More often than not, though, it’s perhaps more likely such folk are simply being hoodwinked.
“We want to trust people,” said Marissa Harrison, an associate psychology professor at Penn State Harrisburg. “We also have this tendency for consistency and commitment.”
She gave the example of buying a car. You may realize during the needlessly drawn-out negotiation process that you’re being manipulated by the salesperson. But you’ve already committed to the purchase, so you go along with it.
And then comes a sense of remorse that you weren’t in control of things.
“If we are taken advantage of, since we human beings like to be right, when we realize we have been duped, we feel a flurry of negative emotions,” Harrison said. “I am mad. I feel gullible. I am embarrassed.”
So what do we do with such emotions?
Not surprisingly, most of the psychologists said opening up and sharing with others is an effective way of coming to terms with victimization.
UCLA’s Castel said it’s very surprising that there aren’t readily available support groups for scam victims — safe, judgment-free spaces where people can tell their stories and see commonalities in the experiences of others.

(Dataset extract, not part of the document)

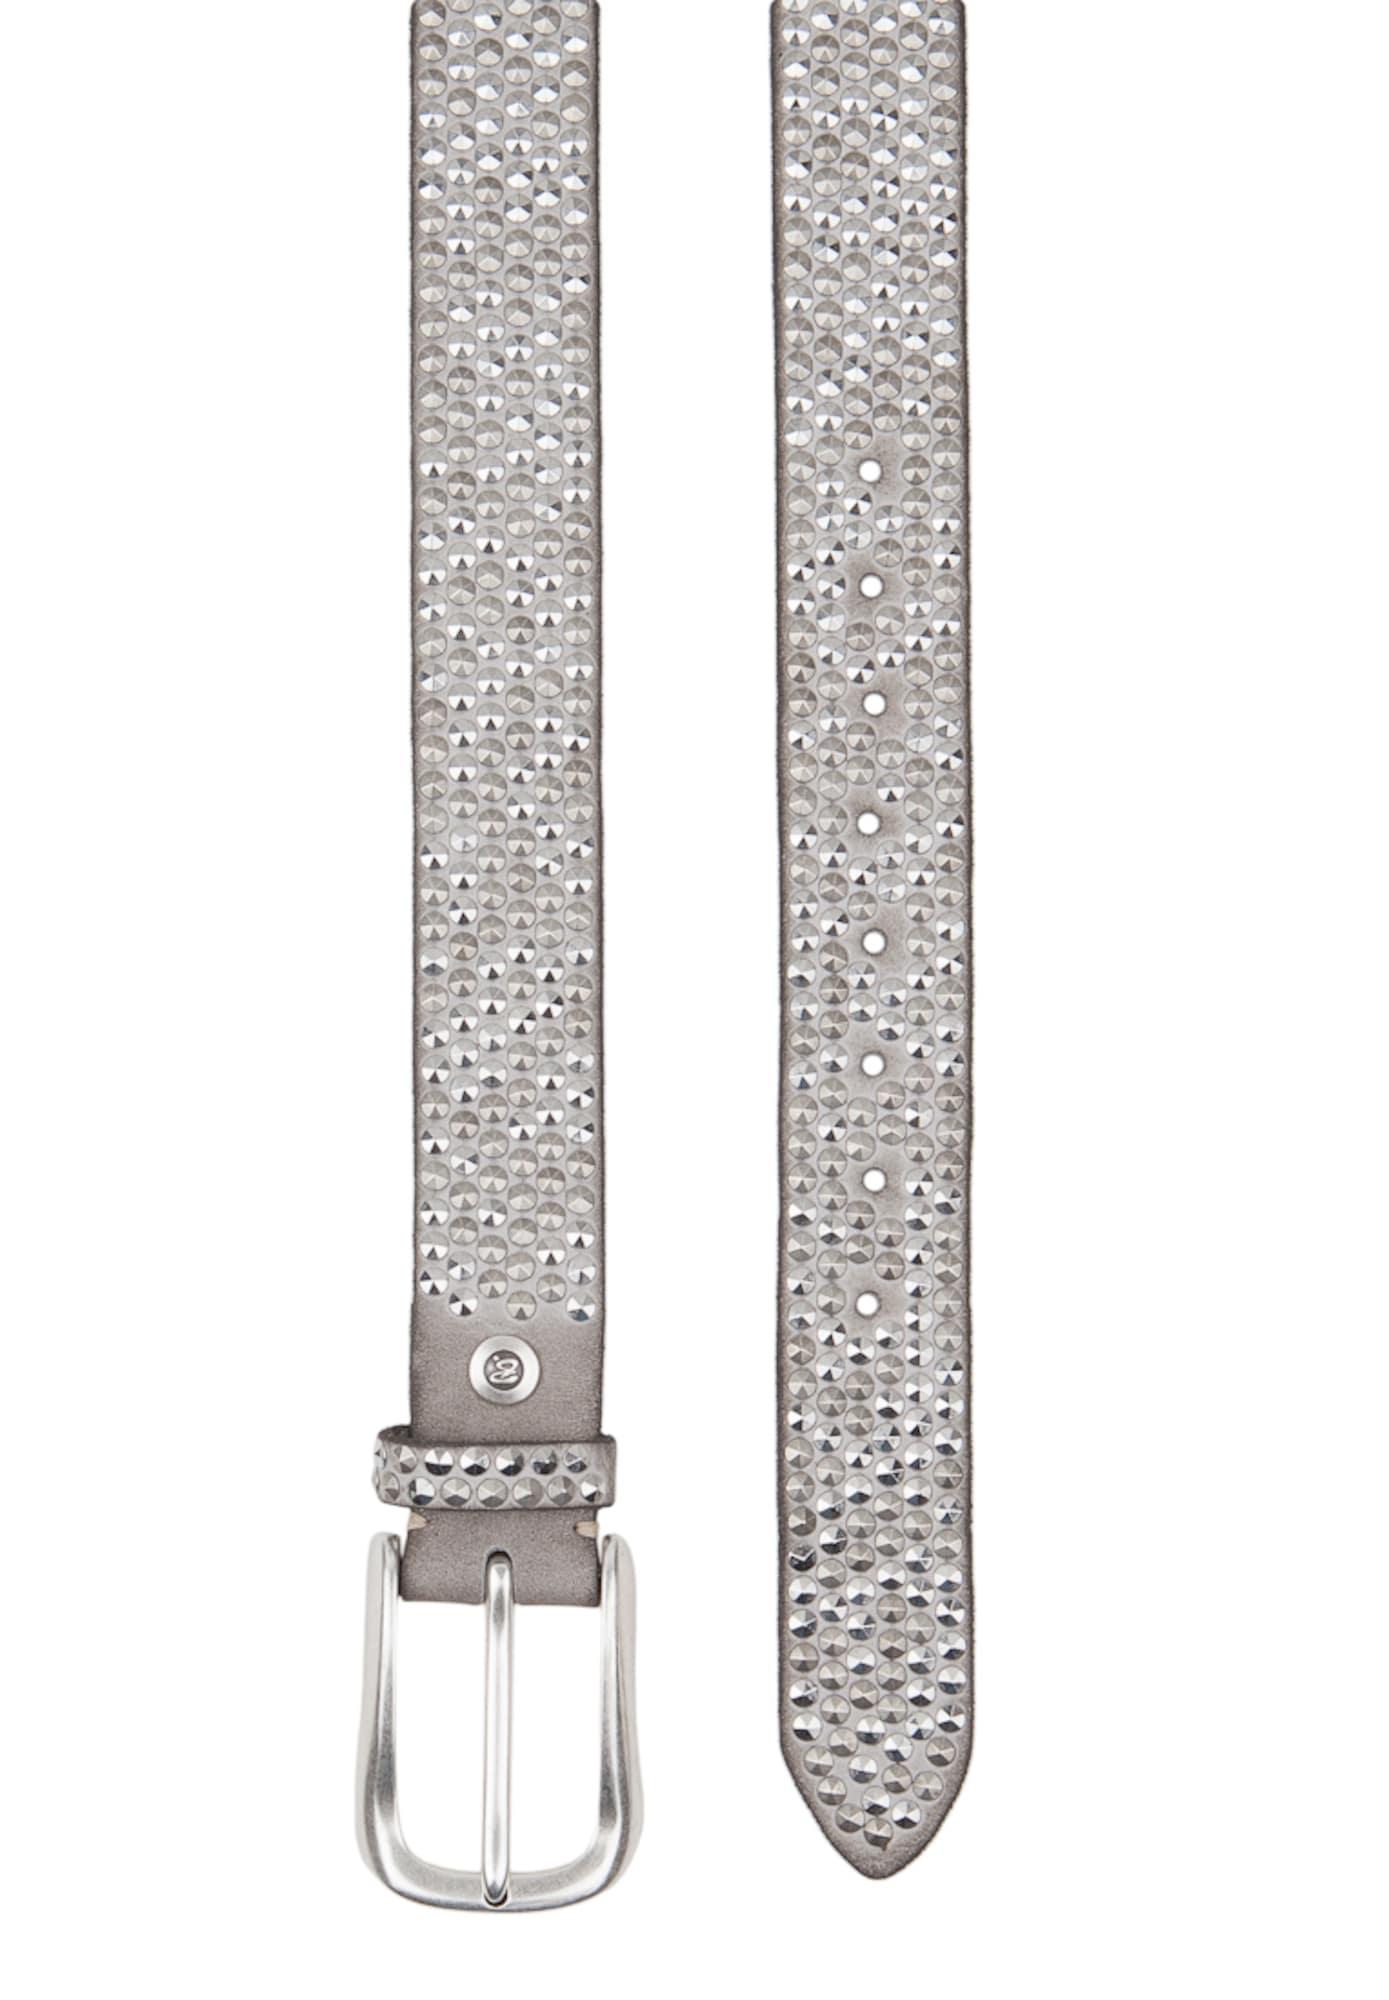 B.belt Handmade In Germany, Dames Riem, zilvergrijs

As we spoke, he said this is something he may now try to set up. “There’s a real need for something like this,” Castel observed.
Stacey Wood, a psychology professor at Scripps College, said scam victims should understand they’re not alone in their feelings, and that many other people have experienced exactly what they’re going through.
“Con artists are highly skilled individuals who employ complex psychological tactics to get victims on the hook and keep them there,” she said. “Anyone can truly be a victim of fraud.”
The Federal Trade Commission received nearly 2.2 million fraud reports from consumers last year, with imposter scams such as the ones detailed here the most common racket.
Fraud losses topped $3.3 billion last year — nearly twice the amount swindled a year before. The pandemic, as I’ve noted previously, has been a golden age for scams.
“My advice would be to acknowledge the emotional impact of the event, seek support from friends and family, and consider treatment if symptoms do not seem to be fading quickly,” Wood told me.
Because this is a problem that isn’t going away.